– Чепуха. Лучше подумайте, как к этому нечестному и даже наглому убийству отнесется Британия? А вся цивилизованная Европа? Сук, на котором вы все сидите, и так скрипит. А вы еще его пилите.
– Мы знаем, что делаем.
– Мировую революцию? Ну и замах!
– А почему бы нет?
– Спасти пролетариев всех стран? С помощью убийства невинных людей?
– Мы сражаемся с врагами. Повторяю, мы знаем, что делаем.
– Иллюзия. Ничего вы не знаете. Вы во тьме. Или во мгле. Какое из этих слов вам больше нравится? И конец каждого из вас будет печален. Поверьте мне, я это знаю. Больше того, я это вижу. Например, я вижу сизое облако над вашей головой. Поверьте, это мрачное облако. Ничего хорошего оно вам не сулит. Если не завтра, так послезавтра.
– Видите? Занятно. Вы кто? Средневековая ведьма?
– Ну, не без этого.
– Ах, вот как? – Петерс глядел на нее с интересом. – Признание не слабое. Только вот времена костров прошли.

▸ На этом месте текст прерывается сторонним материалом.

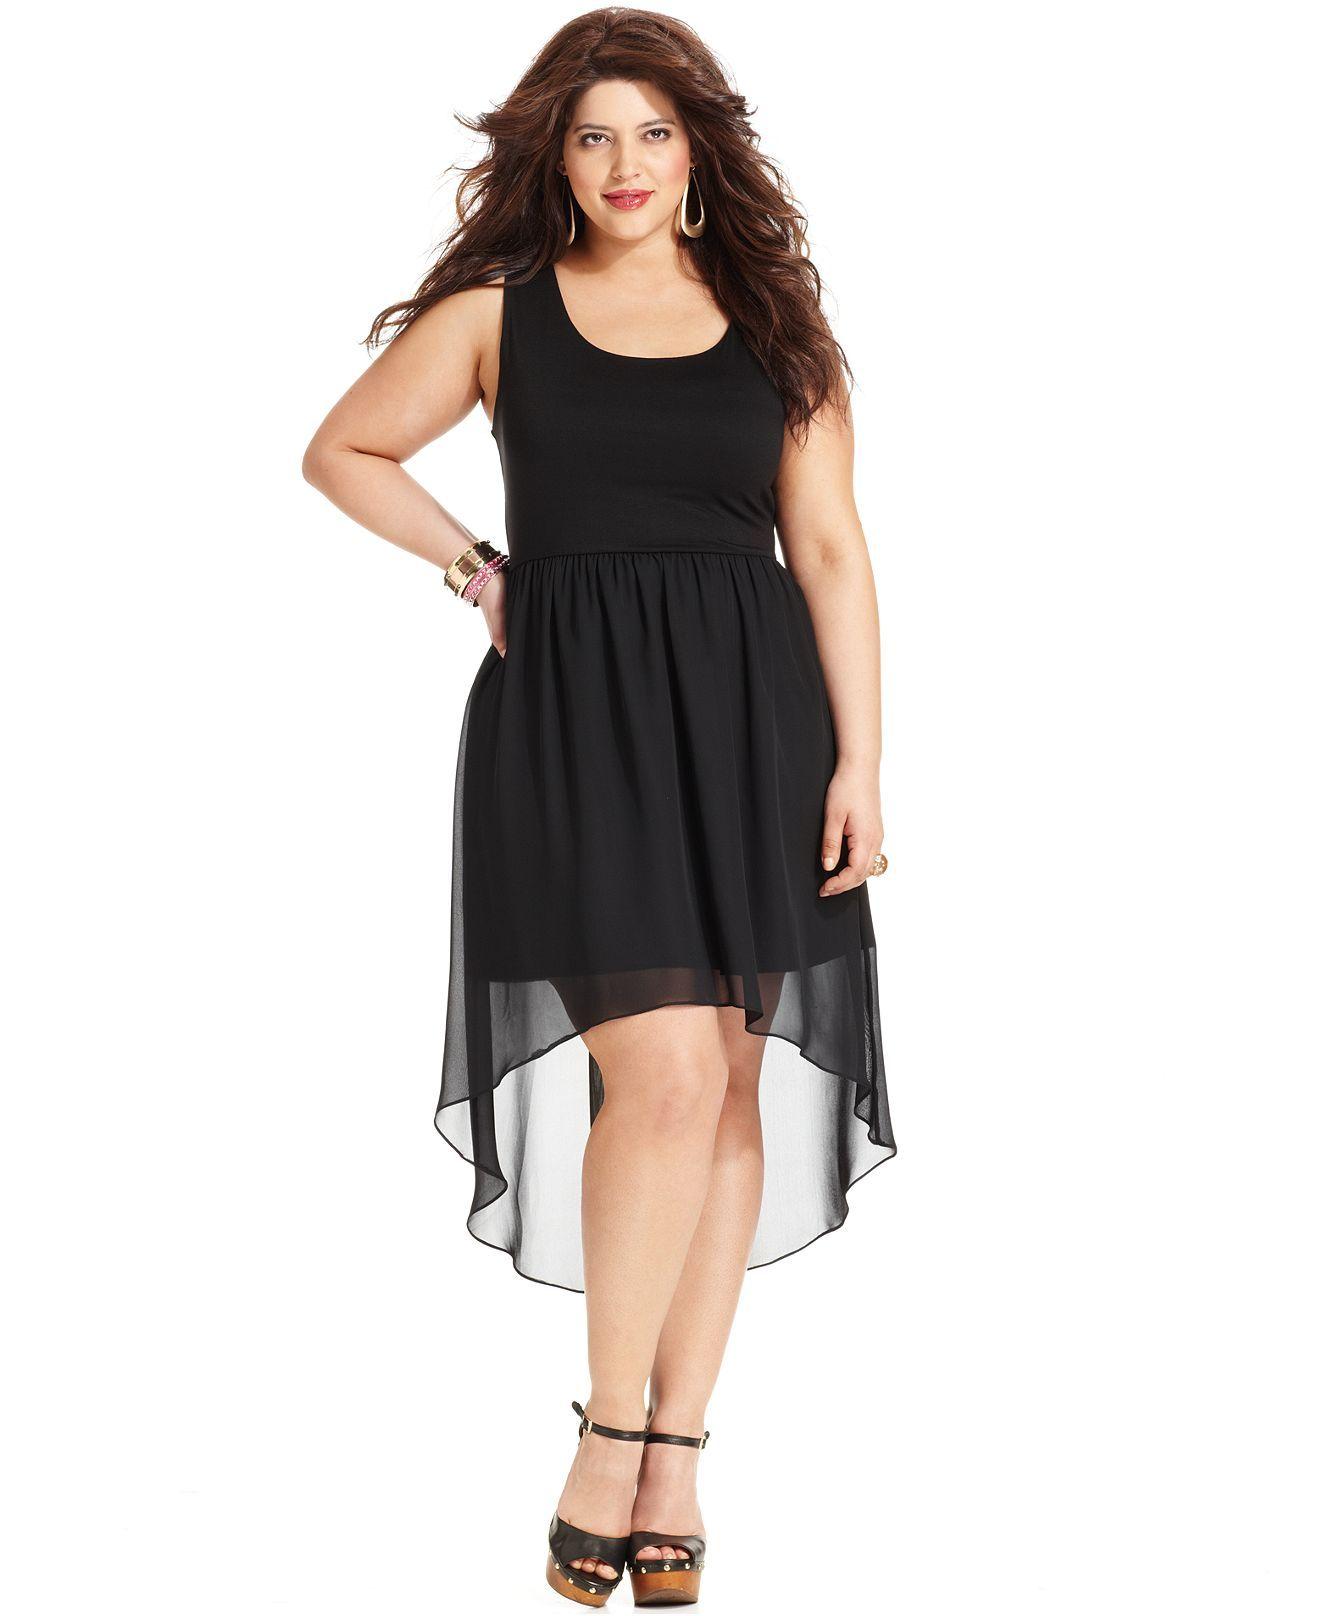 6d68c96f125 Soprano Plus Size Dress

– Я придумала для вас лучшее решение.
– Любопытно.
– Вы освобождаете Локкарта и высылаете его как нежелательное лицо. А когда он уедет в свою паршивую Англию, вы, дабы потрафить вашим друзьям-палачам и всей кровожадной массе, заочно приговорите его к расстрелу. Это будет эффектный ход.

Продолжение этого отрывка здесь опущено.